Using LDAP Groups with Local System Users

Updated -

This article for the System Security Services Daemon (SSSD) describes how you can reference a local system user (from /etc/passwd) as a member of an LDAP group.

LDAP identity providers (LDAP or IPA) can use RFC 2307 or RFC2307bis schema. The Active Directory (AD) LDAP provider uses AD-specific schema, which is compatible with RFC 2307bis. By using these schema elements, SSSD can manage local users within LDAP groups.

When a new LDAP group is created, a local user can be added as a member, with the memberUID attribute value set to the local user ID.

On the local system, the local user is included in the group members when using getent group:

[root@server ~]# getent group example
example:x:3:jsmith,bjensen,landerson,mreynolds

This queries the LDAP directory for the group information. Once that membership is processed, the user is added to the system configuration in /etc/passwd.
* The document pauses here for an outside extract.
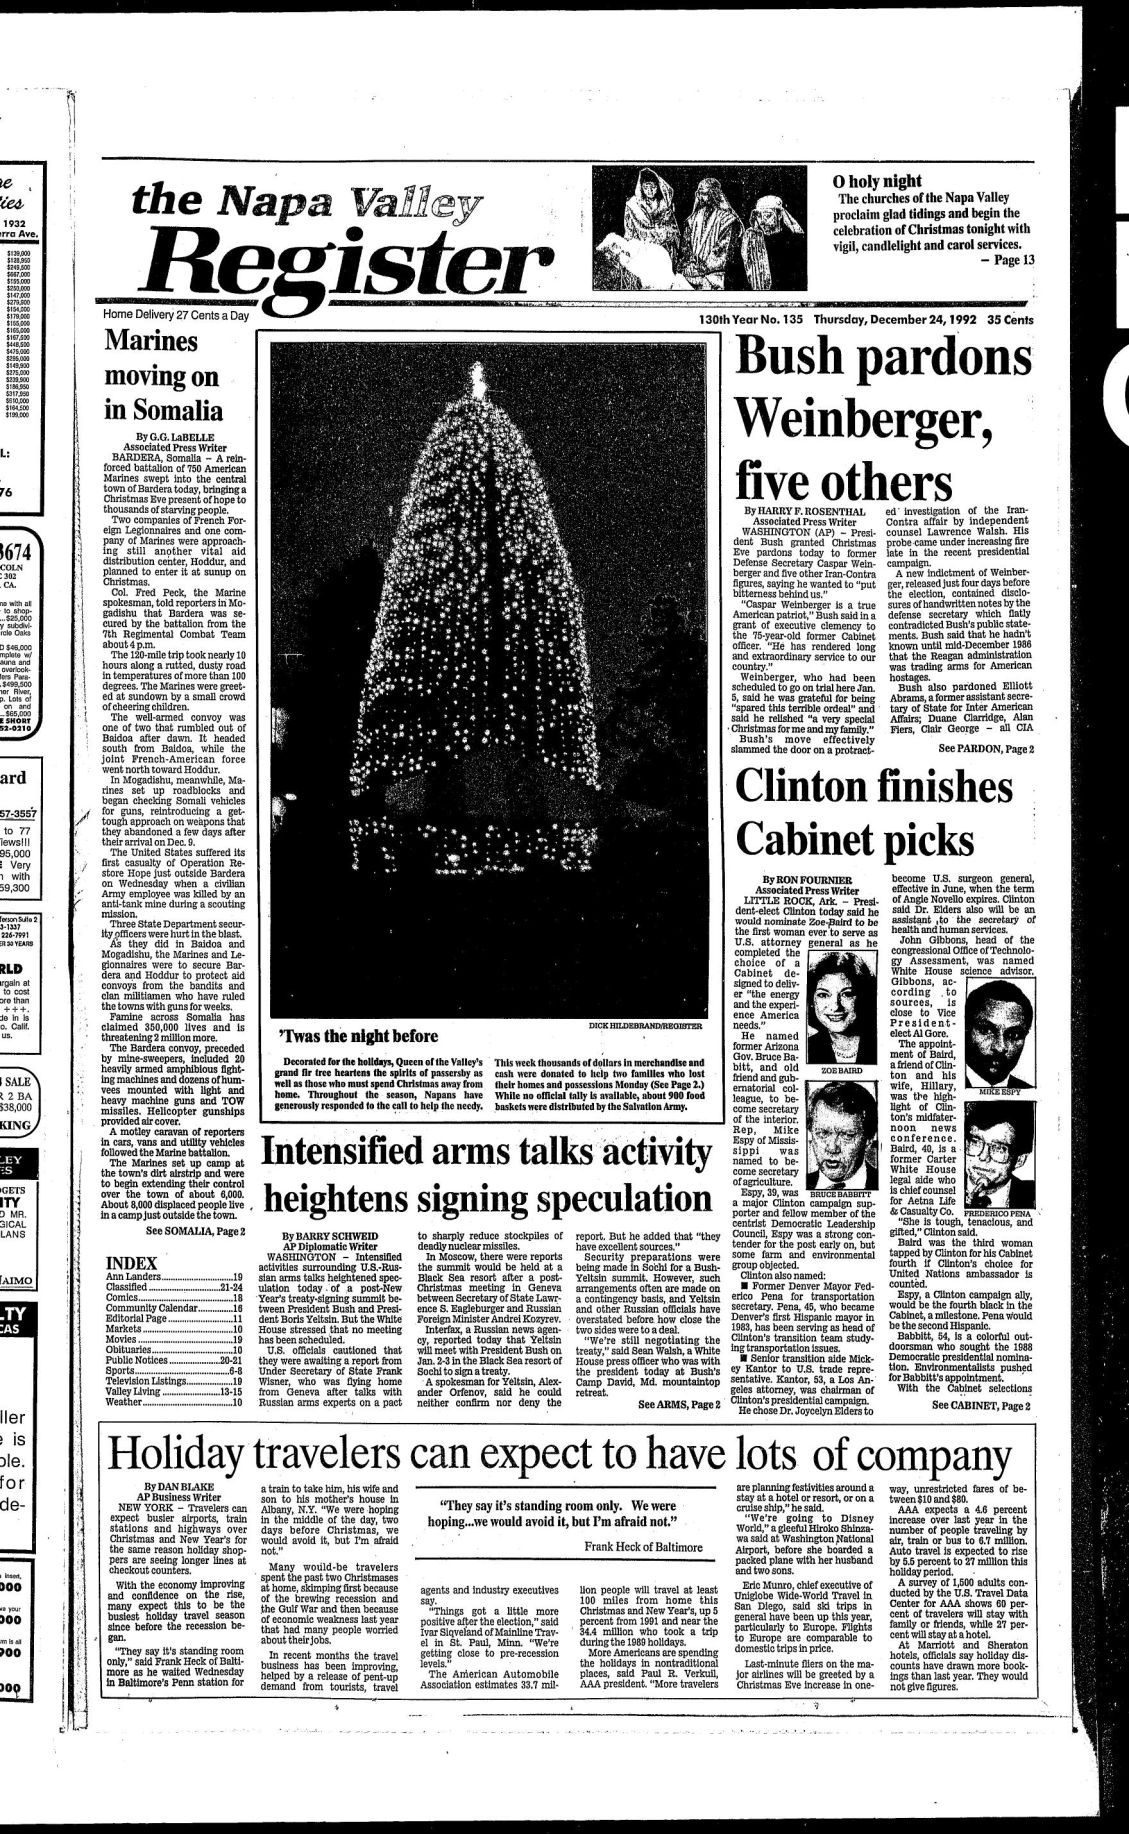 Dec. 24, 1992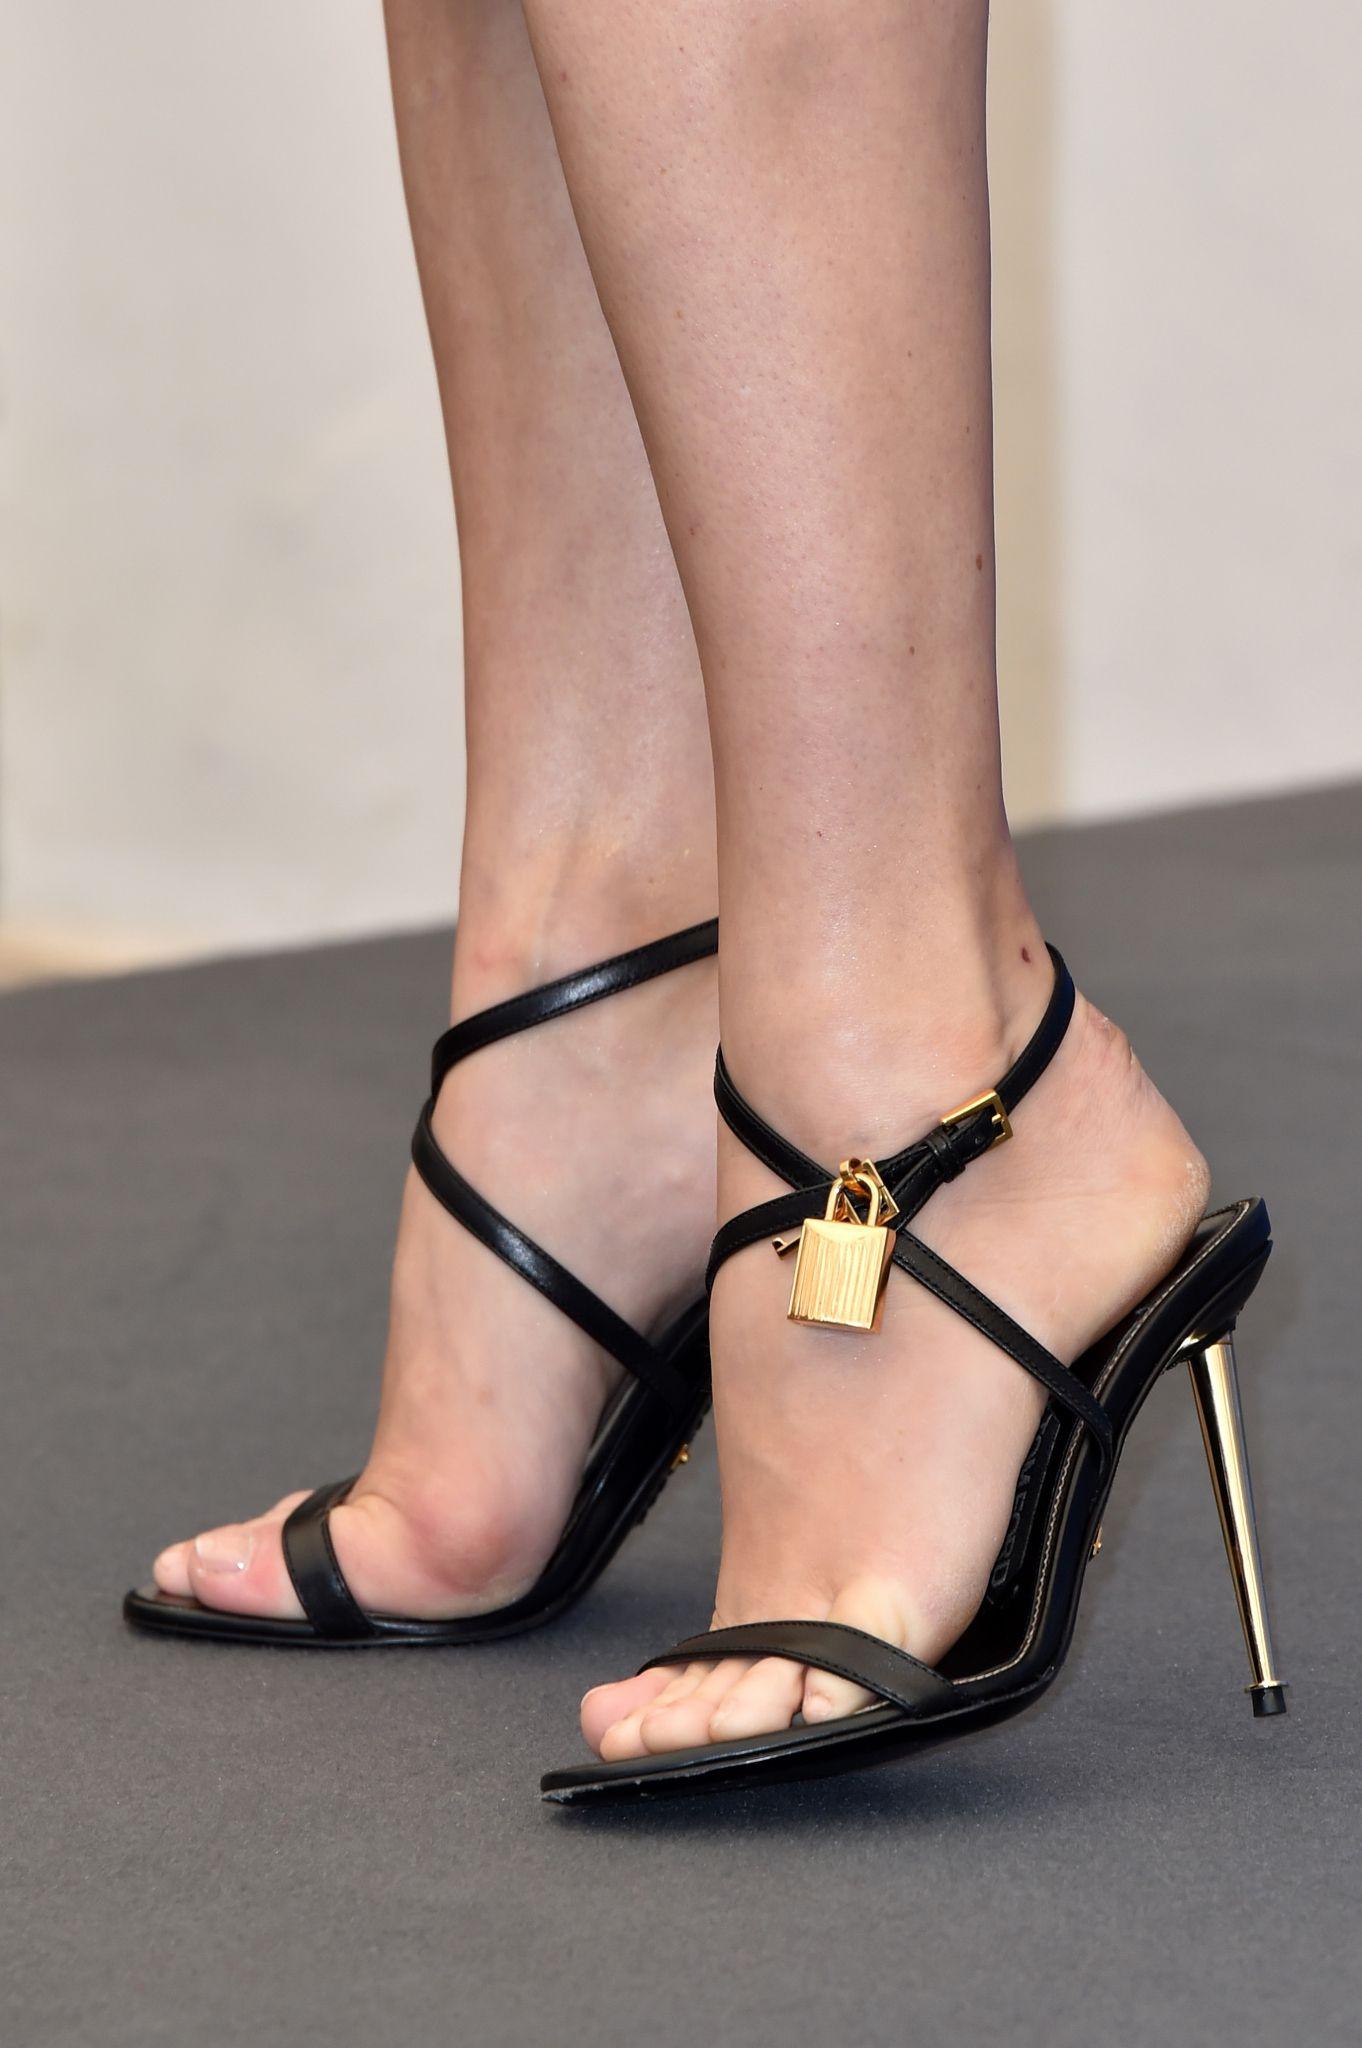 Amy Adams S Feet

All of that (querying the LDAP group, creating the local user) is done through NSS (nss_ldap), outside SSSD.

Authentication operations and identity tools like id, however, go through SSSD, and there is no record of the local user in the LDAP identity provider configured for SSSD. There are two ways that SSSD can handle local user:

  • It can delete the user from the local passwd file as if it were a remnant of a deleted local account.
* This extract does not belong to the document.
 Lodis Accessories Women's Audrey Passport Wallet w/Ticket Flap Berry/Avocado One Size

  • It can query the local user list (passwd) as a fallback if a user in a group is not found in LDAP, and then add that user to its cache as if it were an LDAP user.
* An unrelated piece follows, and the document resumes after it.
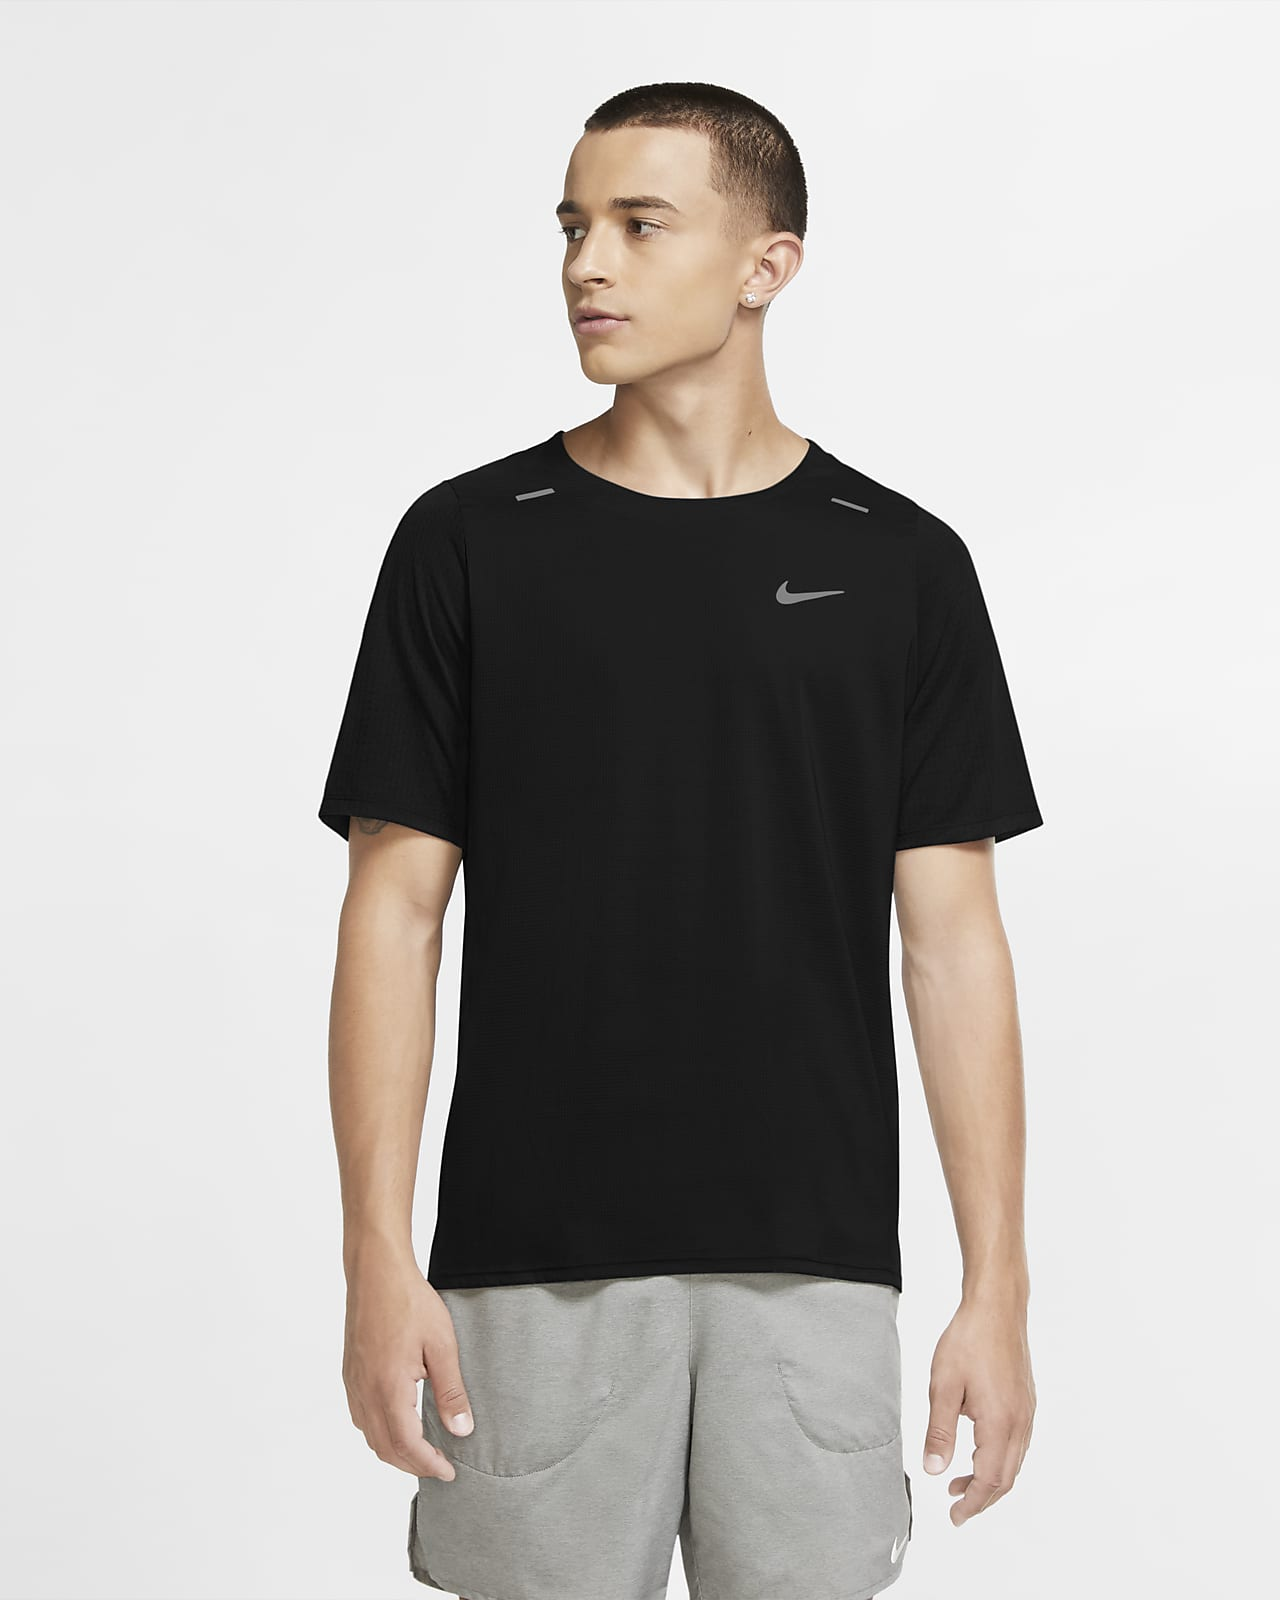 Haut de running hybride Nike Breathe Rise 365 pour Homme

This behavior is configured in the ldap_rfc2307_fallback_to_local_users parameter for the identity provider domain. By default, this is false, meaning that only users which exist in the LDAP provider are recognized, and a local user is deleted if it is added to an LDAP group. This can be set to true, which queries the local system users as a fallback if an LDAP group member is not found in the LDAP directory.